Raw Methyl-Seq reads were mapped onto the in silico bisulfite-converted mungbean reference genome using Bismark-0.20.023. To minimize potential clonal bias by PCR amplification, reads that mapped to the same position were removed. Cytosine residues with three or more reads were selected. DMRs were identified using Metilene with default parameters24. DMRs located within ± 2 kb of gene sequences were defined as genic DMRs. Arabidopsis thaliana orthologs of mungbean genes containing DMRs were mapped to the Kyoto Encyclopedia of Genes and Genomes database (KEGG; https://www.genome.jp/kegg/tool/map_pathway1.html)13 . GO enrichment was analyzed using BiNGO plugin in Cytoscape software25.

To calculate the methylation levels of genic DMRs, upstream (− 2 kb from the transcription start site), gene body, and downstream (+ 2 kb from the transcription termination site) sequences containing DMRs were divided into 20 bins. Average methylation levels of cytosine residues in three consecutive bins were calculated and plotted using a sliding window approach.

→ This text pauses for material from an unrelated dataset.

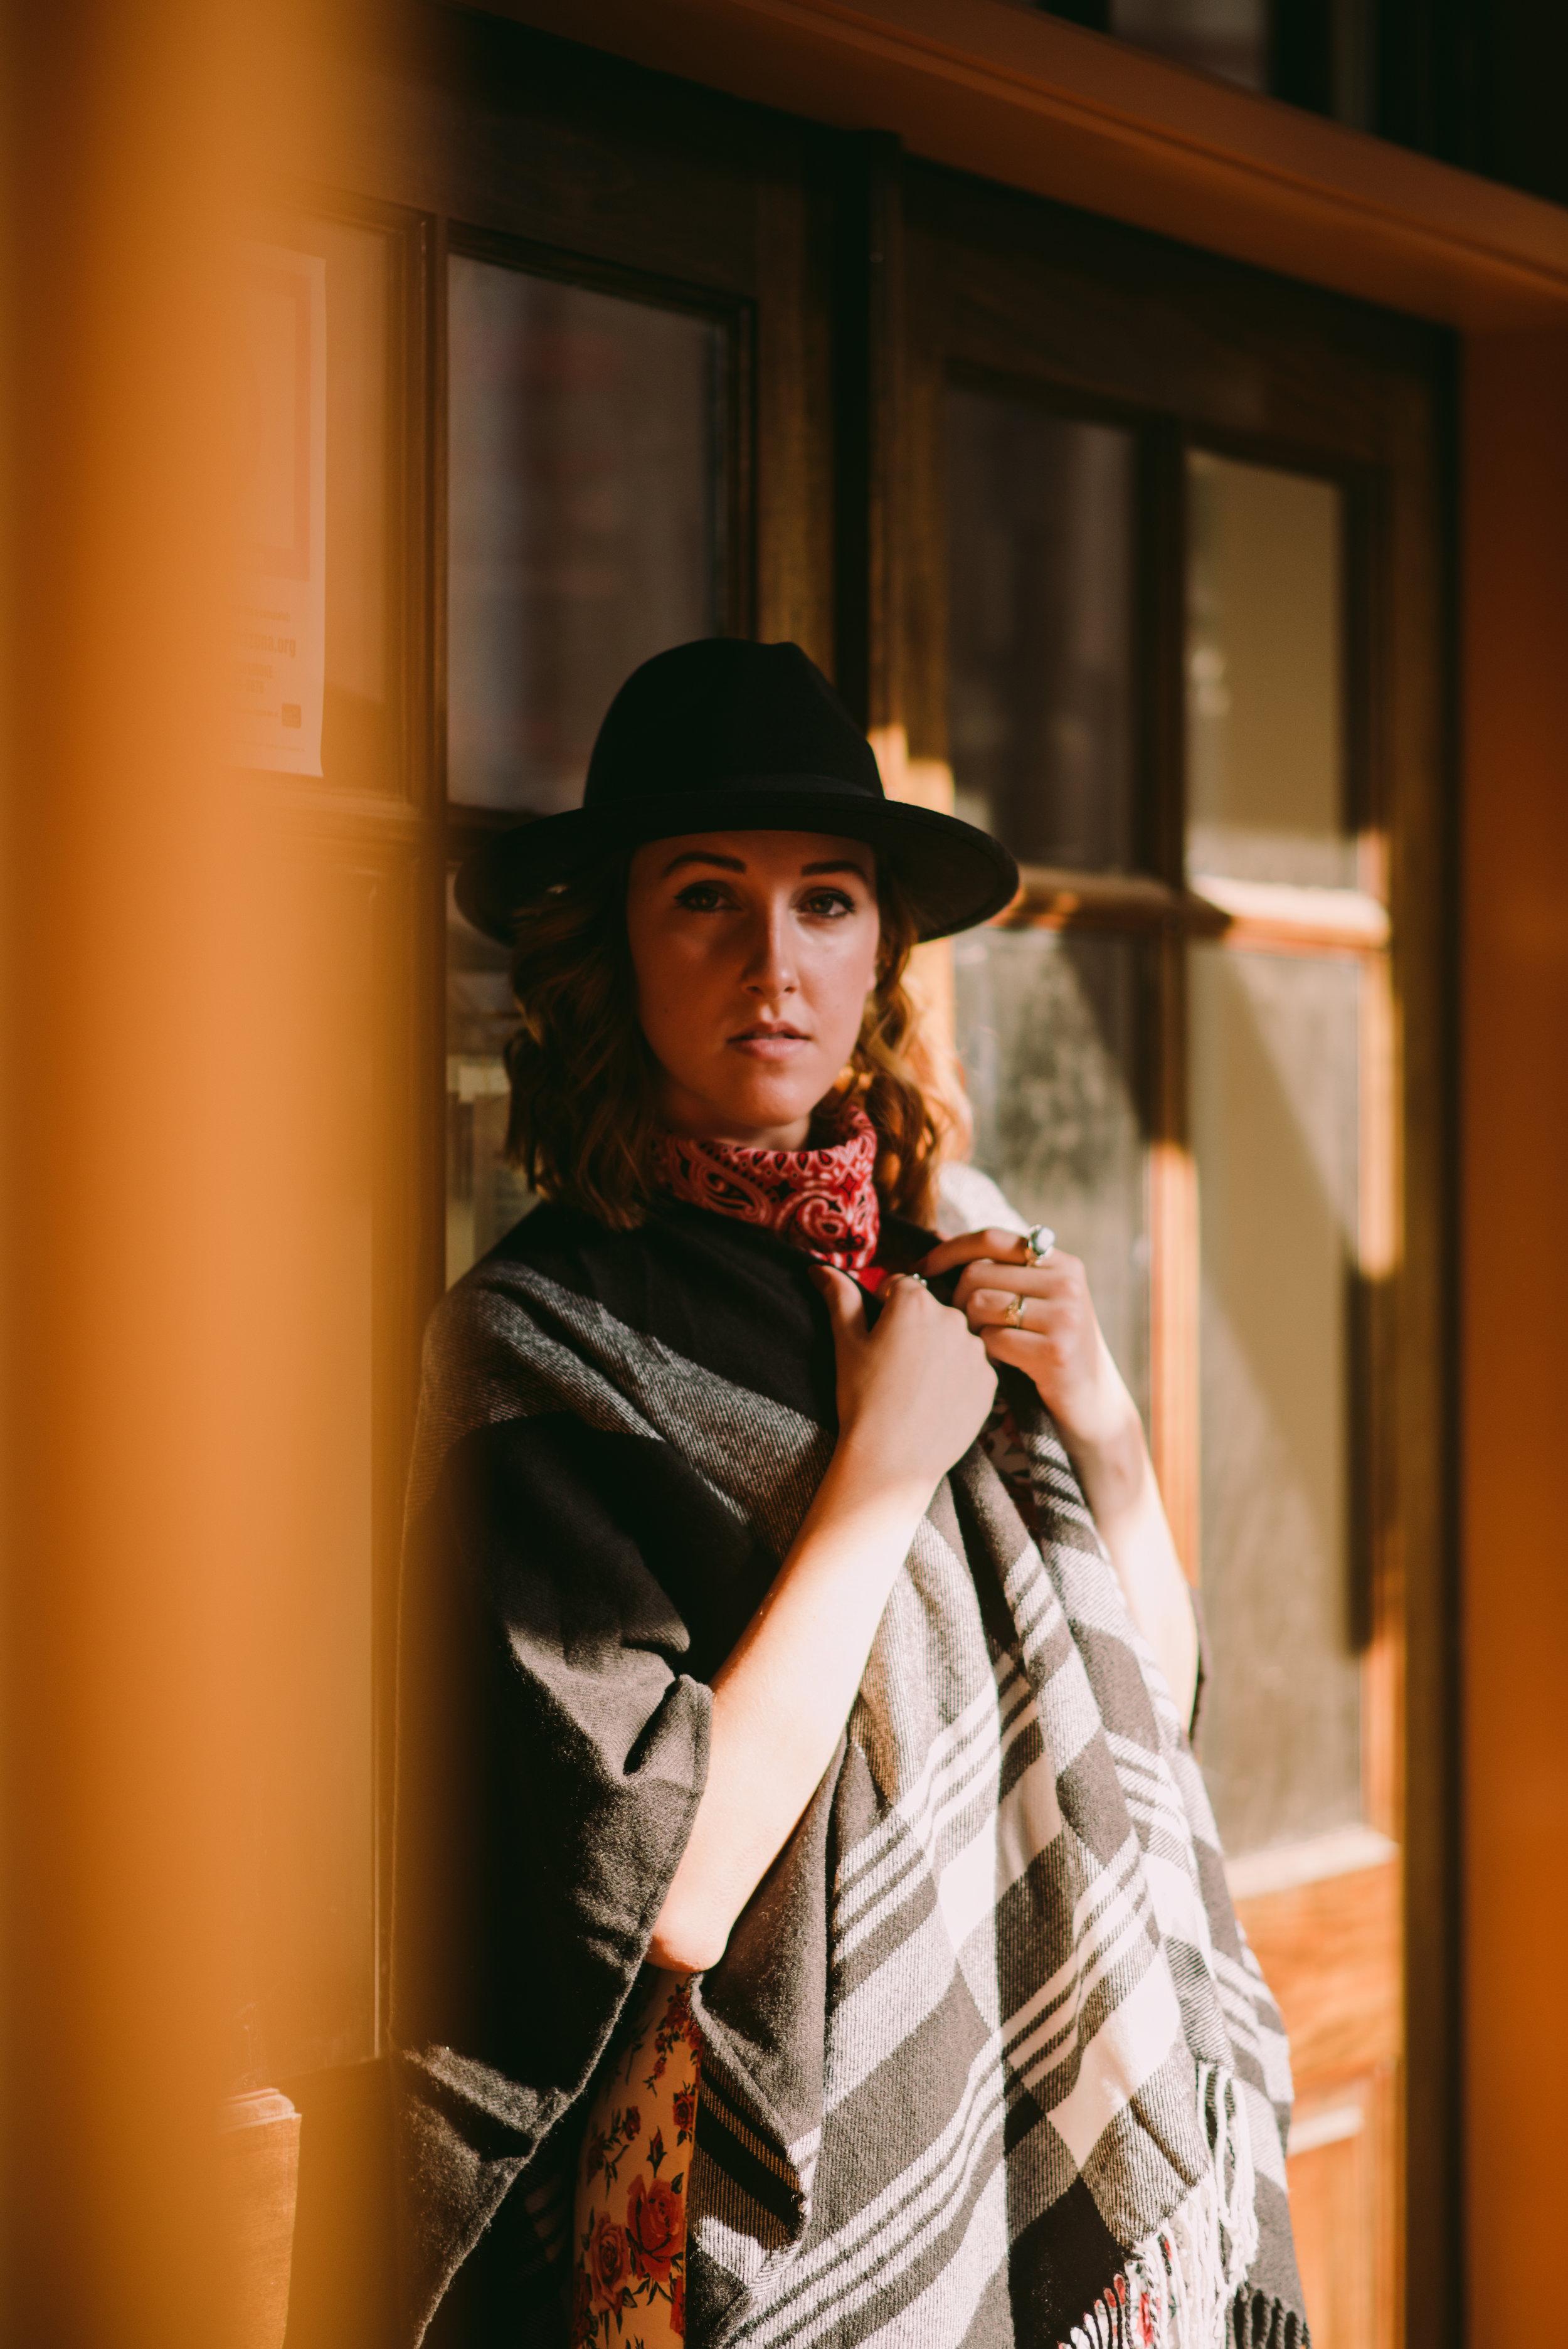 Josie_Western_PhoenixArizonaPortraitPhotographer_SamanthaRosePhotography_final_059.JPG

Identification of pure DMRs

Illumina short reads generated using the Hiseq4000 platform were mapped against the mungbean reference genome (VC1973A) using Burrows-Wheeler Aligner (BWA) (Table S5)5,26. Single nucleotide polymorphisms (SNPs) and insertion/deletion mutations (Indels) were identified using Samtools with the following criteria: mapping quality > 30, minimum mapping depth ≥ 3, and maximum mapping depth ≤ 20 for RILs and ≤ 100 for V298427. After the removal of duplicate variants, SNPs shared by all ten lines were used to identify pure DMRs. The association between methylation level and SNPs located within ± 1 kb of the DMRs was tested using Student’s t-test with p-value < 0.01. SNPs were annotated using SnpEff28. The DMRs that showed no significant association with SNPs were defined as pure DMRs.